*WORK TO COMPLETE*
Make an exact copy of the listing underneath, skipping each picture.

*MATERIAL PROVIDED*

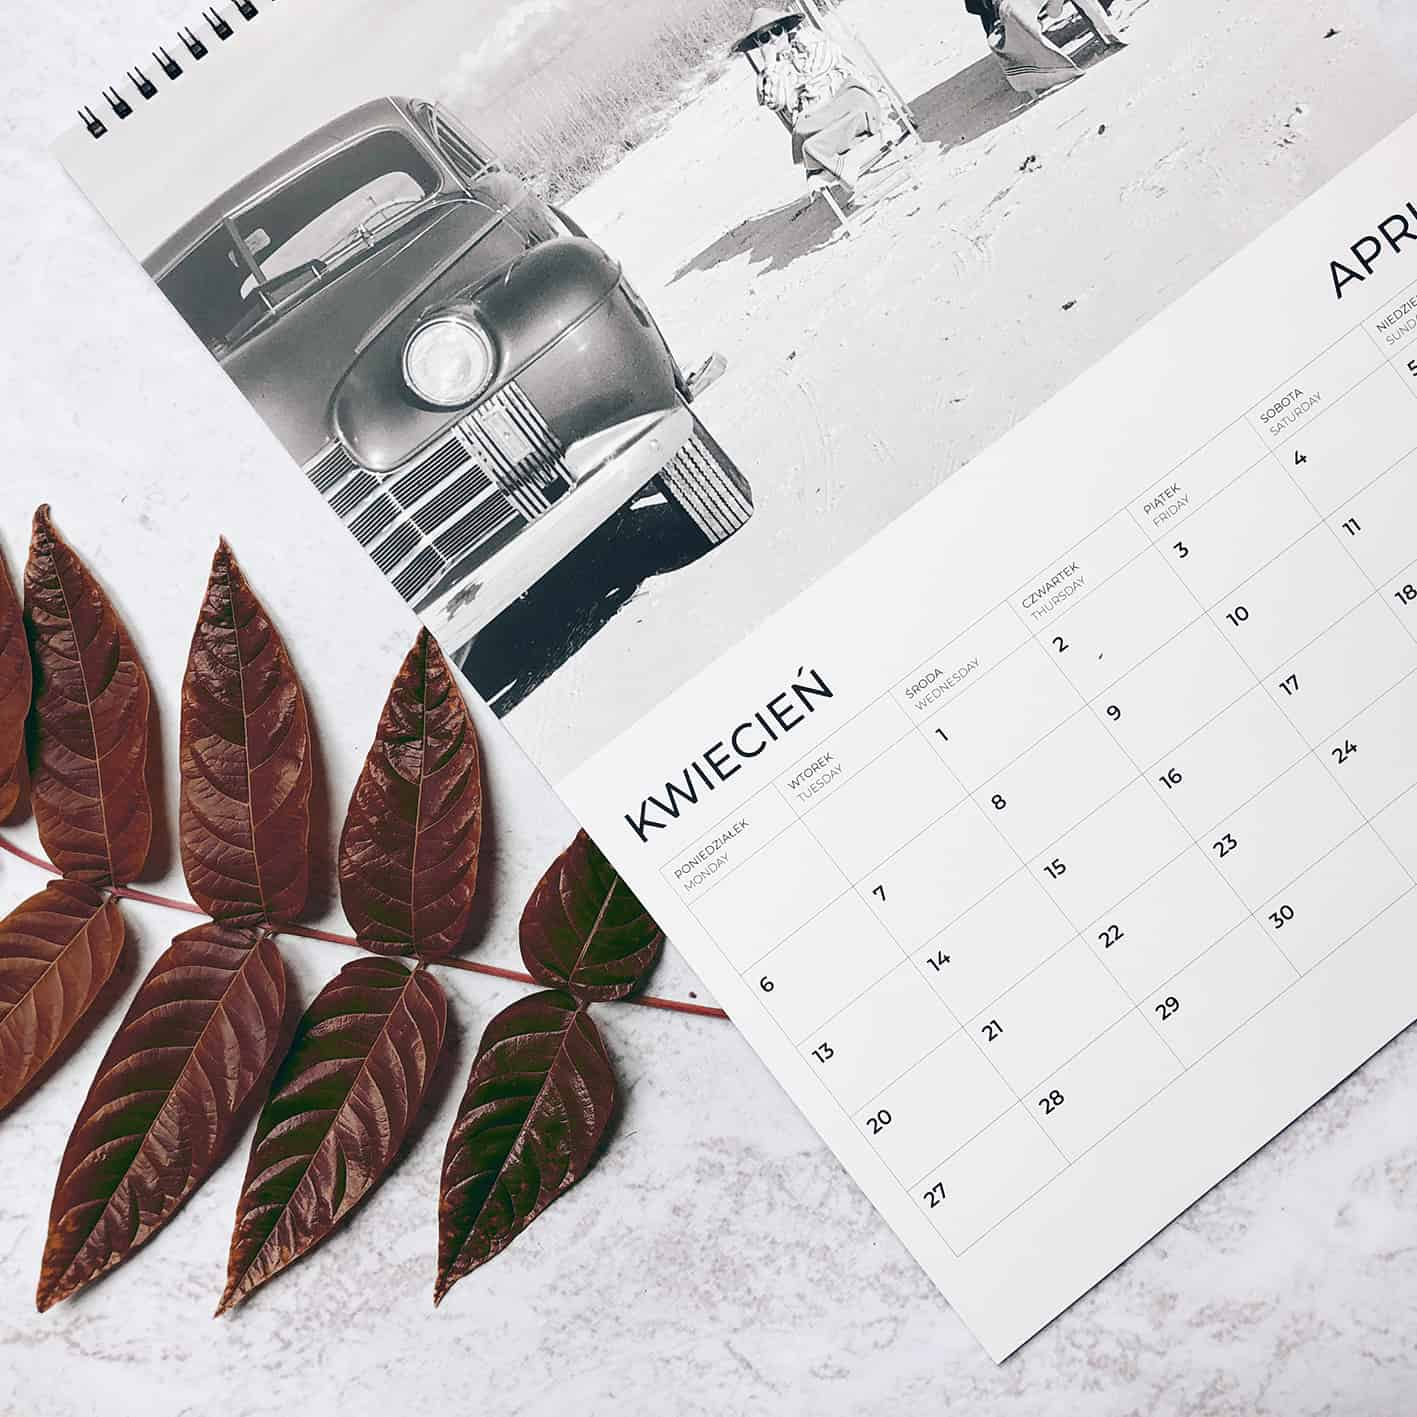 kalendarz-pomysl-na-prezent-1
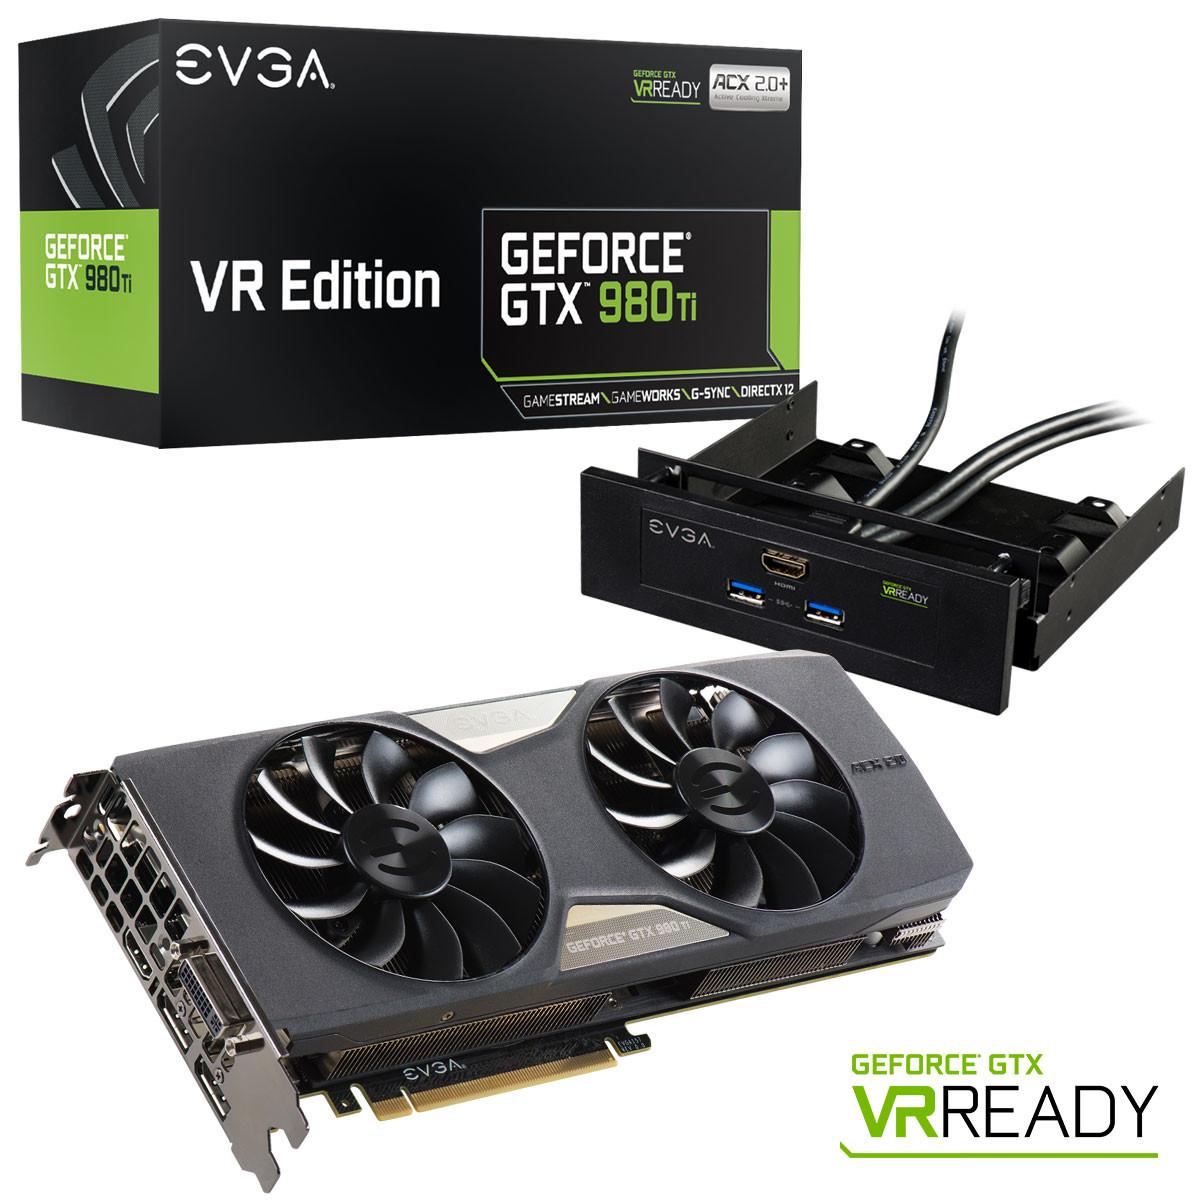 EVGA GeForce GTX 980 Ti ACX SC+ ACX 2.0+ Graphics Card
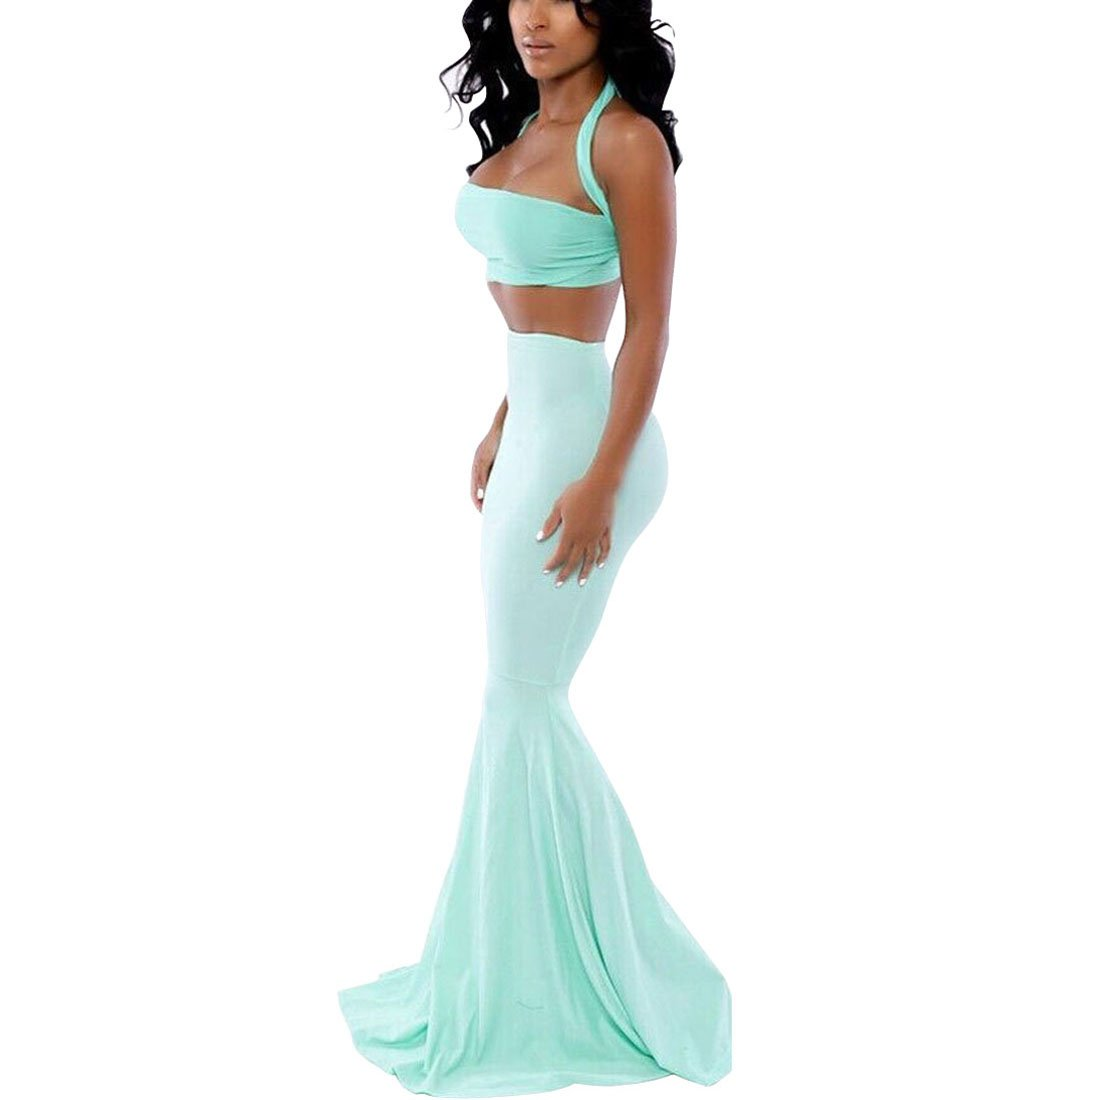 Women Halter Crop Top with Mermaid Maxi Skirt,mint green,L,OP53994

*ANSWER SECTION*
 kalendarz-pomysl-na-prezent-1
 EVGA GeForce GTX 980 Ti ACX SC+ ACX 2.0+ Graphics Card
 Women Halter Crop Top with Mermaid Maxi Skirt,mint green,L,OP53994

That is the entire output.